Any Jews who remained in the kingdom after that date were liable to be
executed.
The announcement of the
expulsion was greeted with great joy and jubilation throughout the land. Unlike
with the modern practice of ethnic cleansing, the Jews after paying a tax of 1/15th
of the value of their moveables and 1/10th of their specie were permitted to
leave with all their goods and chattels.
National finances
With the banishment of the
money-lenders and the abolition of usury, we may observe how the finances of
the English nation were practised at the different levels of society.
For the individual who wished
to buy a house costing, say, £100 he would be required to make a down-payment
of £10 and negotiate a loan of £90 from a bank. He would own 10 per cent of the
house and the bank would own the remaining 90 per cent. Rent would be payable
on the house of which 10 per cent would accrue to himself and the balance of 90
per cent to the bank. The following year he would pay the bank a further
instalment of 10 per cent, reducing the bank's ownership to 80 per cent and the
amount of rent payable to it. These instalments would be continued until he
owned 100 per cent of the property.
In the event of the buyer
defaulting on his rent payments he would be evicted. However, he could never
lose that portion of the house he had paid for and would continue to receive
rent on it. House price inflation was not a factor during this era, as the rate
of inflation was zero - as it should be. In any normal society which does not
practise usury.
A business loan would be
agreed on the following terms:-
A fishing captain of
sufficient years' experience who wished to purchase his own boat would approach
a bank for a loan.
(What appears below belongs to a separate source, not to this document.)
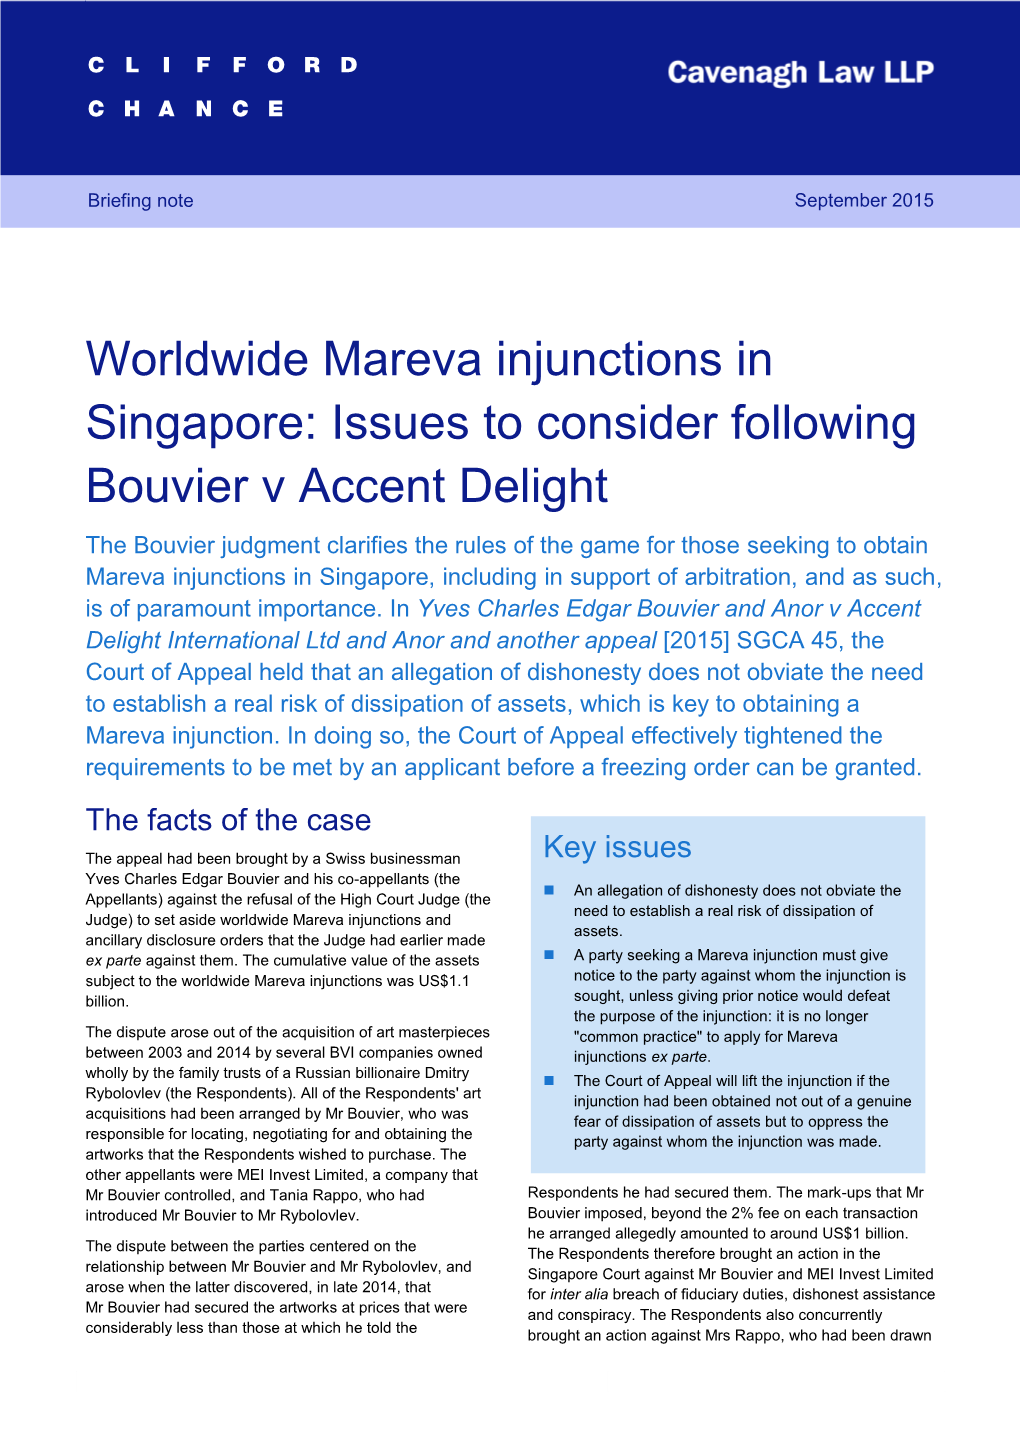 Worldwide Mareva Injunctions in Singapore: Issues to Consider Following Bouvier V Accent Delight 1

He would buy a boat, which would belong to the bank. The
bank would pay him a salary. After one year he would have the option to buy 10
per cent of the boat and receive 10 per cent of the profits. This procedure
would continue until he owned 100 per cent of the boat. If, for example, after
two years the bank decided to cancel the agreement because the captain was
doing a poor job, he would still retain his 20 per cent share. In the event of
the boat sinking, the insurance would cover it. The essence of this contract
was that it was fair to both sides and that risk was equally shared by both
borrower and lender.
The tally stick
The finances of the English
Crown from 1290 onwards were centred around what was known as the `tally
stick`. This ancient instrument of finance, known to the Saracens and possibly
also to the Chinese, is derived from the Latin word tallia, meaning a stick. A
tally stick was made out of hazel, willow or boxwood because these woods split
easily. They were usually eight inches in length (from forefinger to thumb) and
half an inch wide, although they could be up to eight feet long.
The denominations were
indicated by differently sized cuts in the wood. A thousand pounds was marked
by cutting out the thickness of the palm of a hand, one hundred pounds by the
breadth of the little finger, one pound that of a swelling barleycorn,
shillings somewhat less; and pence were marked by incisions. The payee was
recorded on the flat sides.
When all the details had been
recorded on the tally it was split nearly to the bottom, so that one part
retained a stump, or handle, on which a hole would be bored. This was known as
the counter-tally, or counterfoil, and was held on a rod at the Exchequer. The
flat strip (without the stump) was given to the payee. As no two pieces of wood
are identical, it was impossible to forge a tally stick.
Tally sticks were first
introduced during the reign of King Henry I (1100-35) and would remain in
circulation until 1783. It was, however, during the period 1290-1485 that
tallies would reach their apogee and constitute the principal means of state
finance. Tallies were used not only to pay state salaries, but to finance major
items of infrastructure, such as construction of the wall of the City of
London, public buildings and ports.
The exact amount of tallies
in circulation during this period is not known, but as late as 1694 £17 million
worth were still in existence. This was a prodigious sum, as the King's annual
budget rarely exceeded £2.5 million, and a labourer earned only a penny a day.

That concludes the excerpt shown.